> Assignment: Beginning with the line containing "Bericht: Bayern-Transferplanungen liegen" and ending with the line containing "STILORD Vintage Reise", write out each line of the records below exactly; pictures and lines outside that range are left out.

> Supplied entries:
= = =
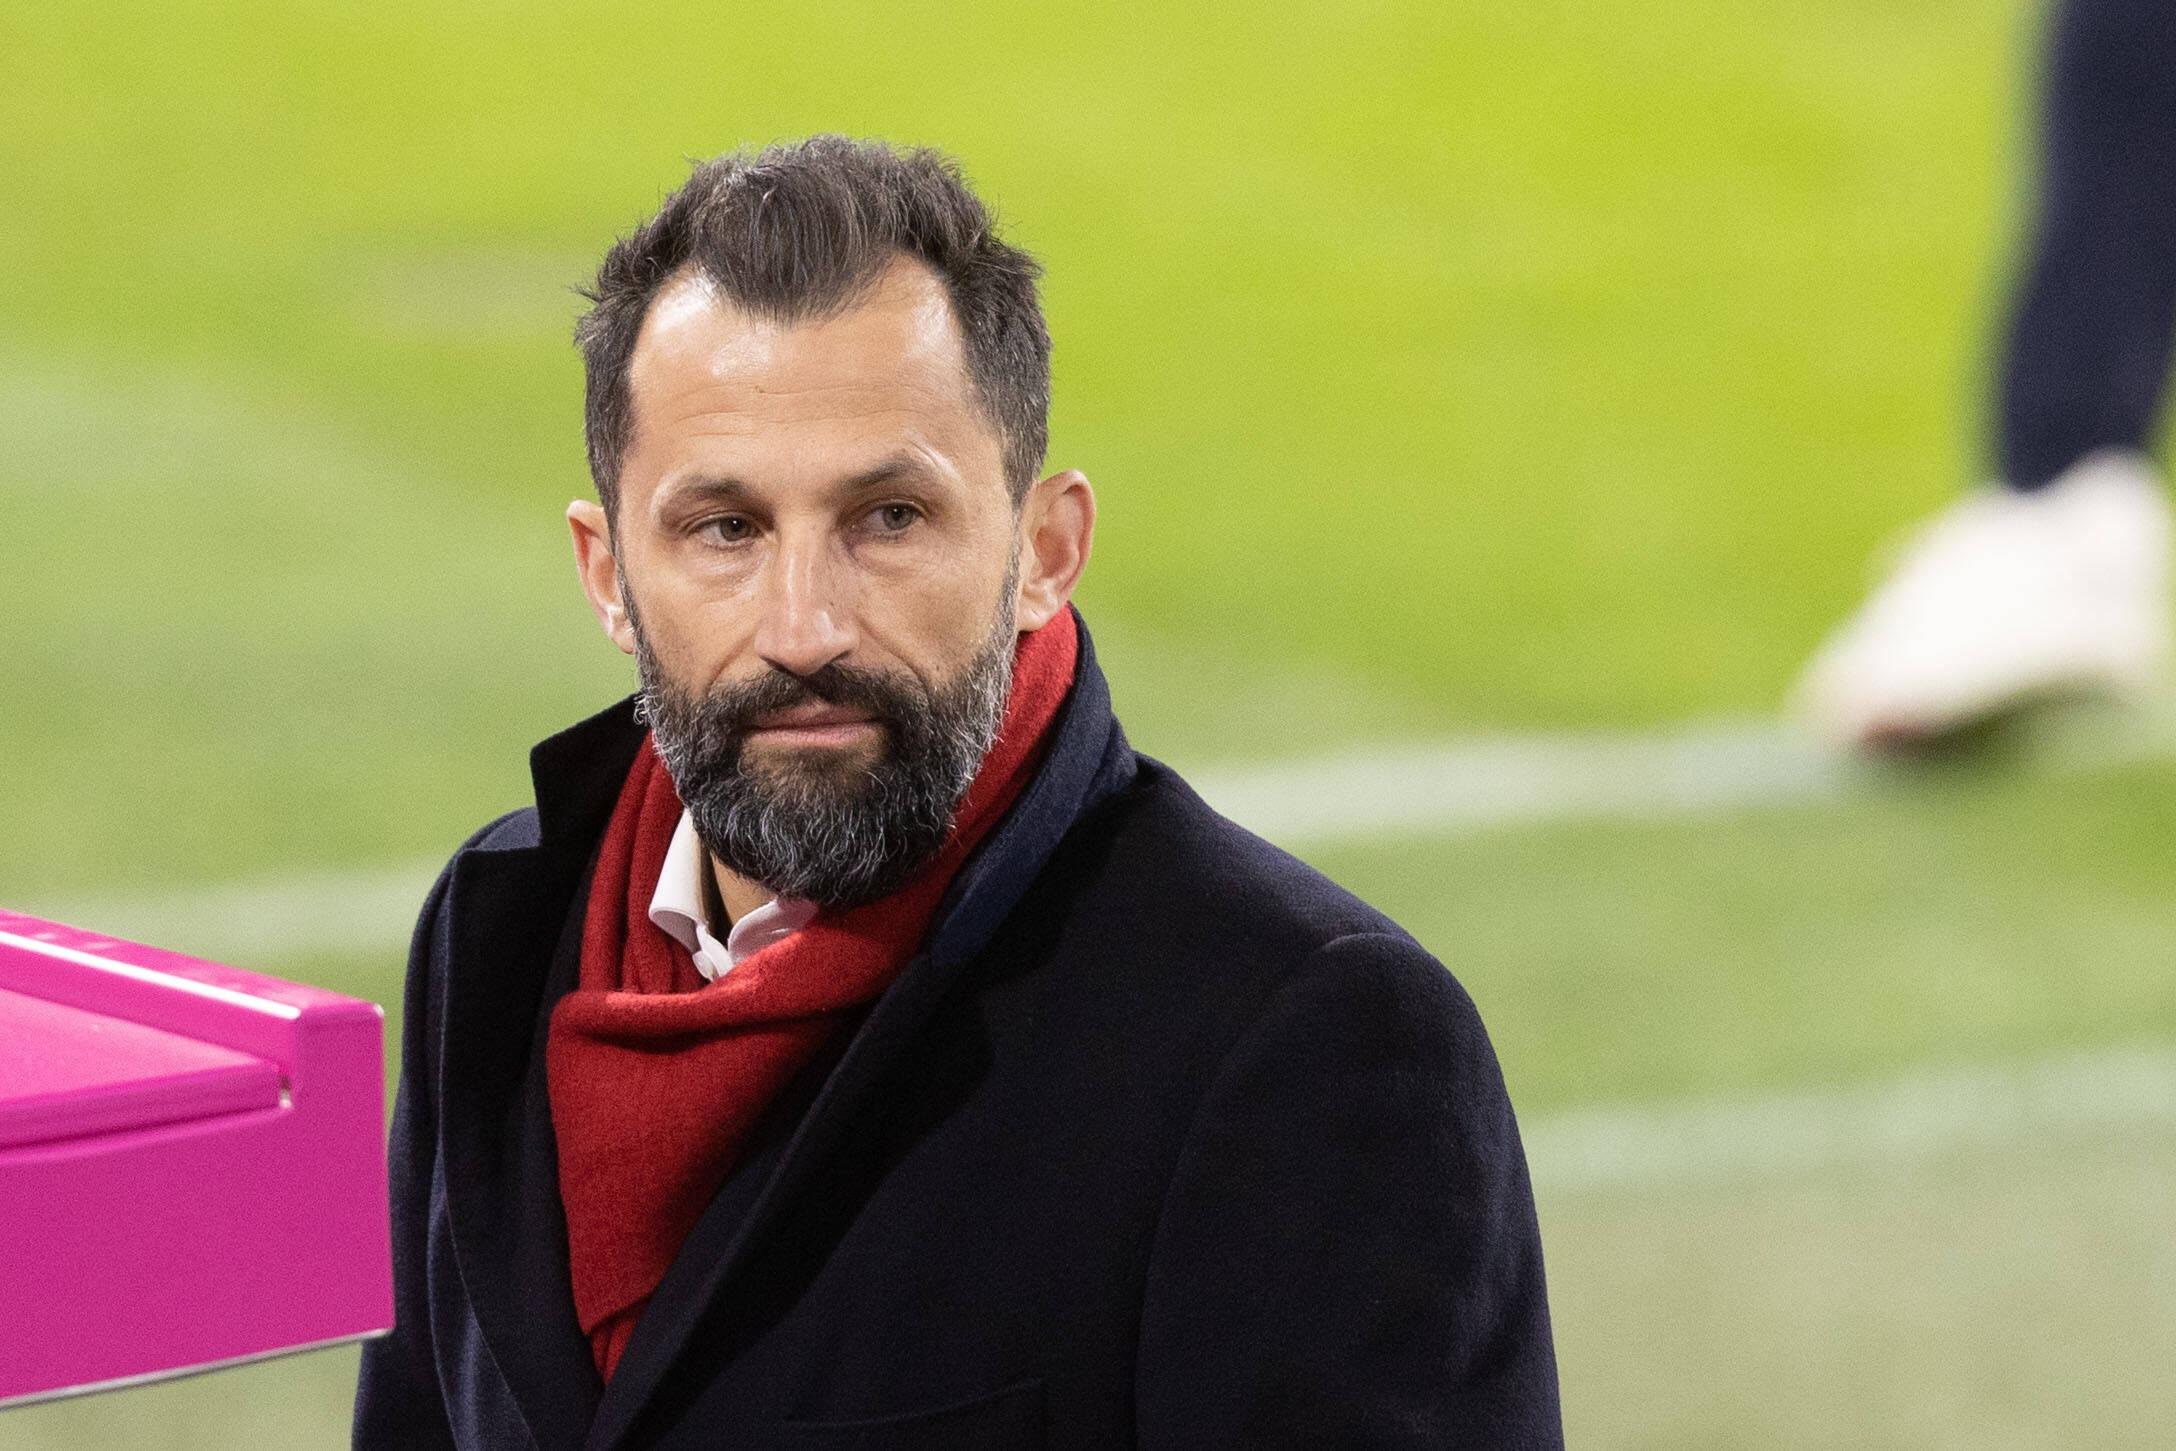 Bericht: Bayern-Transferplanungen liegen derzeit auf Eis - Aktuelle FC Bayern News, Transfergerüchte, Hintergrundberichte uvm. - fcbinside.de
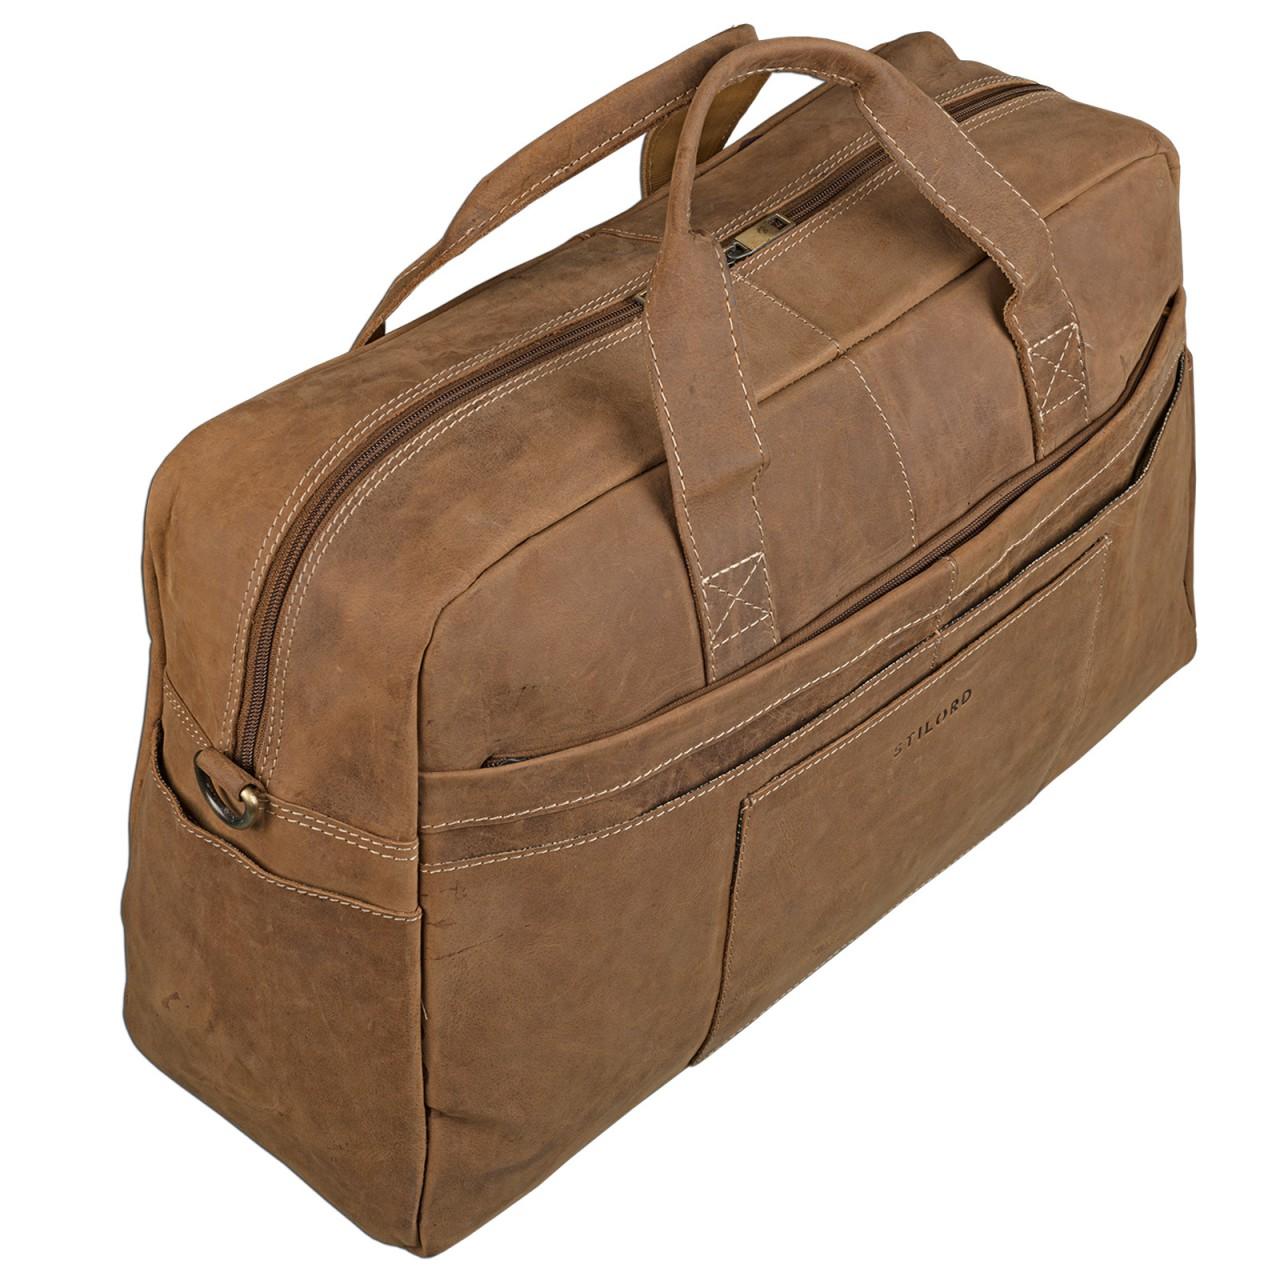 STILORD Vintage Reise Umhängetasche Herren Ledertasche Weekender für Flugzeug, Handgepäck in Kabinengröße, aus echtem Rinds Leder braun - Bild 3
= = =
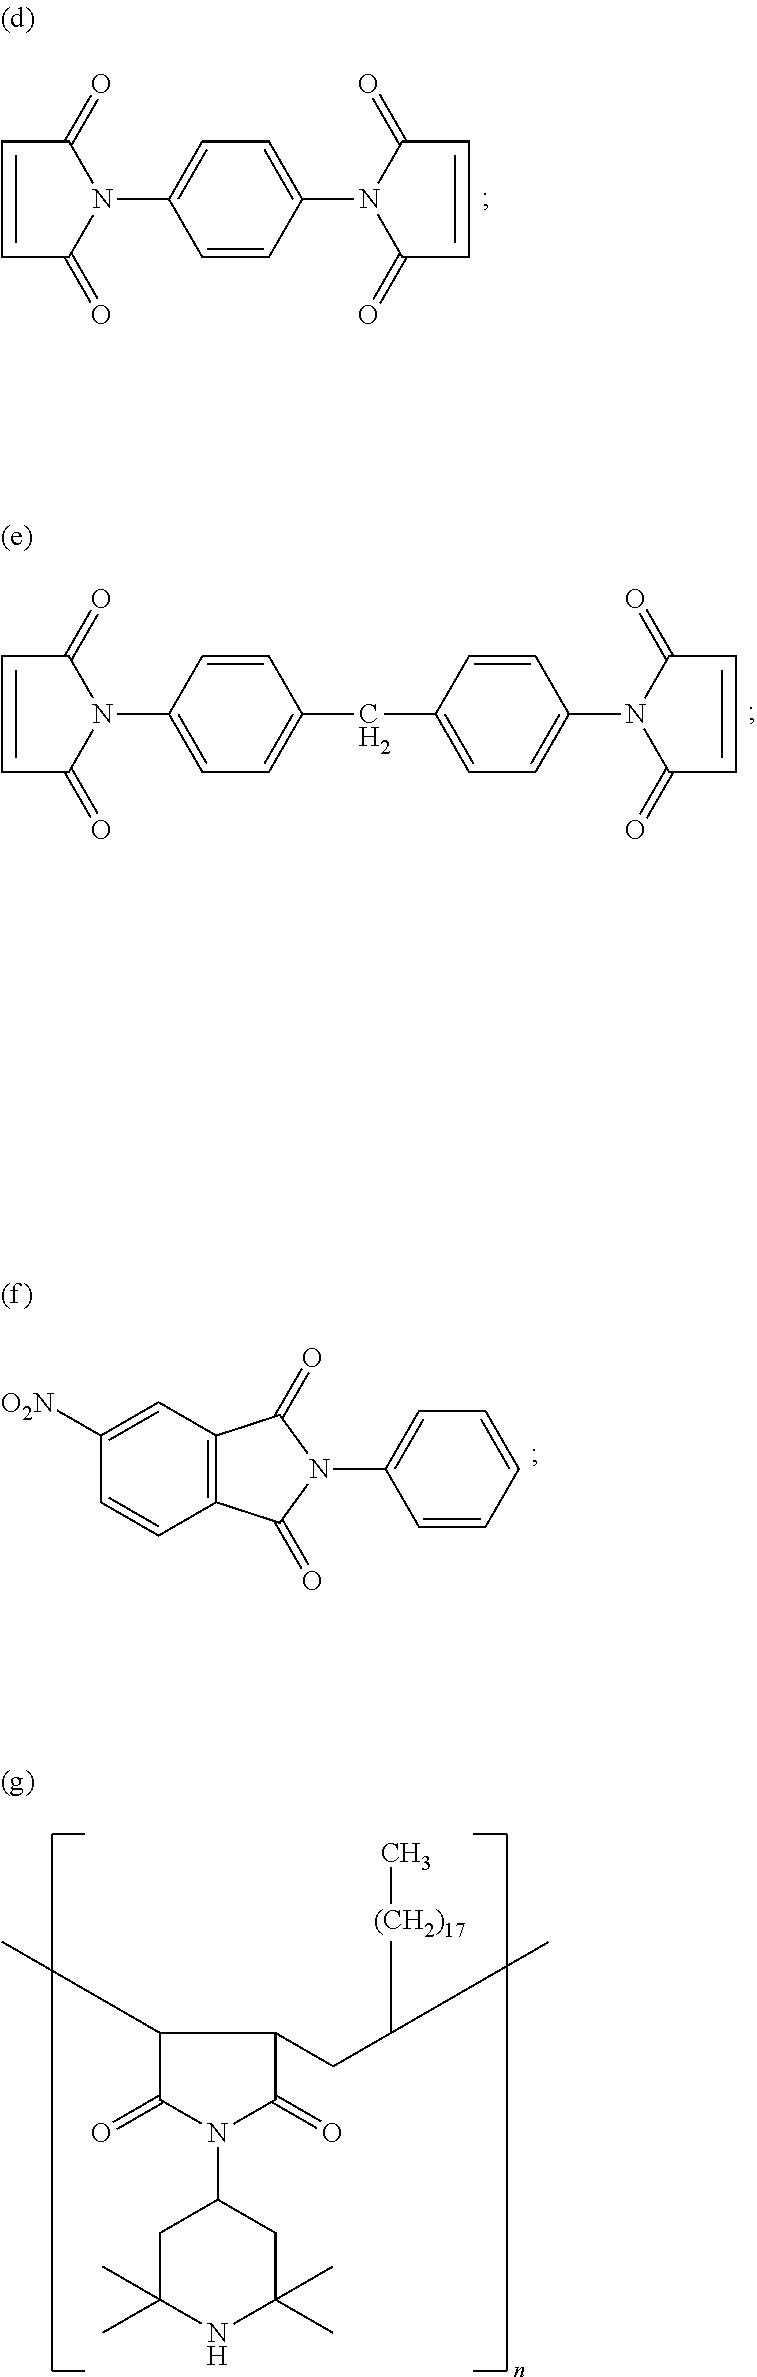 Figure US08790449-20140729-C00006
= = =
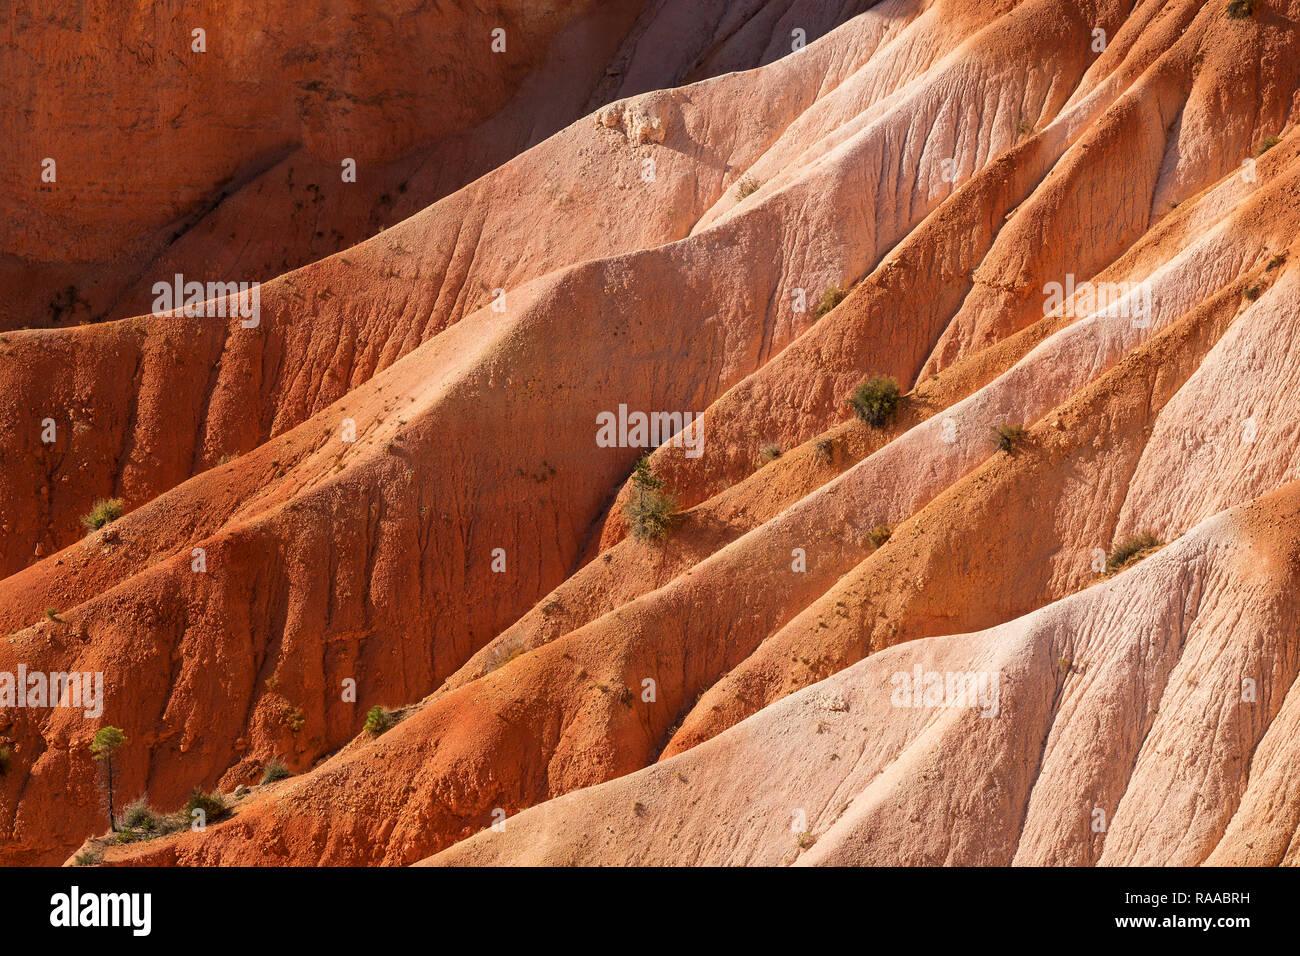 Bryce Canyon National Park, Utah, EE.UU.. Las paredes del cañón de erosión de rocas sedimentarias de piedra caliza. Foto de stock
= = =
> Answer area:
 Bericht: Bayern-Transferplanungen liegen derzeit auf Eis - Aktuelle FC Bayern News, Transfergerüchte, Hintergrundberichte uvm. - fcbinside.de
 STILORD Vintage Reise Umhängetasche Herren Ledertasche Weekender für Flugzeug, Handgepäck in Kabinengröße, aus echtem Rinds Leder braun - Bild 3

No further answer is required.